BEGIN INFORMATION PROVIDED
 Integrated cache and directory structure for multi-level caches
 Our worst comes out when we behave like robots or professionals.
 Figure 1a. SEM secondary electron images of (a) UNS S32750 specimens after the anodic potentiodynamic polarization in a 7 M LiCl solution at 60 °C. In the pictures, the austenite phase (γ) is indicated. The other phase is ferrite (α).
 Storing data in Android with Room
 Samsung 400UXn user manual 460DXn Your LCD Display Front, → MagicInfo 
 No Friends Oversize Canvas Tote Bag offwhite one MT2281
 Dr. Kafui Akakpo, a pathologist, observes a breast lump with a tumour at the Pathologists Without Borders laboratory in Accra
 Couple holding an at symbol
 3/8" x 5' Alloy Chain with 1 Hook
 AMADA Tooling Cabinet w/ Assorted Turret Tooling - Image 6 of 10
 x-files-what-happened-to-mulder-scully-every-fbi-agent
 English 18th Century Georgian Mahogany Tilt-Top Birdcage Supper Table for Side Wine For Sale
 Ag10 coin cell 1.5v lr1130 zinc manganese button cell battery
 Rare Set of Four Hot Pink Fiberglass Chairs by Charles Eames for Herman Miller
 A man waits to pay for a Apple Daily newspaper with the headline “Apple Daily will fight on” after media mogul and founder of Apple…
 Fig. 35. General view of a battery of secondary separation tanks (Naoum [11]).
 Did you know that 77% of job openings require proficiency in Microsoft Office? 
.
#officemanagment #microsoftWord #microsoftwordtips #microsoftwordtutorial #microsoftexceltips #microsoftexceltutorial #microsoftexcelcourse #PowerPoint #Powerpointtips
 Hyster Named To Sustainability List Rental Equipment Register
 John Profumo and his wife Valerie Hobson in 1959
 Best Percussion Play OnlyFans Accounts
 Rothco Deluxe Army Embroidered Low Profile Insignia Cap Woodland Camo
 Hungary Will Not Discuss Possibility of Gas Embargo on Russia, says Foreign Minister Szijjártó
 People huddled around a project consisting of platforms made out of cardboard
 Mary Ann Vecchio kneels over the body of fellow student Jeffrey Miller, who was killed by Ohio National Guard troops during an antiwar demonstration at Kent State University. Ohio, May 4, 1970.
END INFORMATION PROVIDED
• _WHAT IS BEING ASKED_
Exact reproduction is required. Give the lines of the data from its first line through the line containing "with 1 Hook", and no others.

• _YOUR RESPONSE_
 Integrated cache and directory structure for multi-level caches
 Our worst comes out when we behave like robots or professionals.
 Figure 1a. SEM secondary electron images of (a) UNS S32750 specimens after the anodic potentiodynamic polarization in a 7 M LiCl solution at 60 °C. In the pictures, the austenite phase (γ) is indicated. The other phase is ferrite (α).
 Storing data in Android with Room
 Samsung 400UXn user manual 460DXn Your LCD Display Front, → MagicInfo 
 No Friends Oversize Canvas Tote Bag offwhite one MT2281
 Dr. Kafui Akakpo, a pathologist, observes a breast lump with a tumour at the Pathologists Without Borders laboratory in Accra
 Couple holding an at symbol
 3/8" x 5' Alloy Chain with 1 Hook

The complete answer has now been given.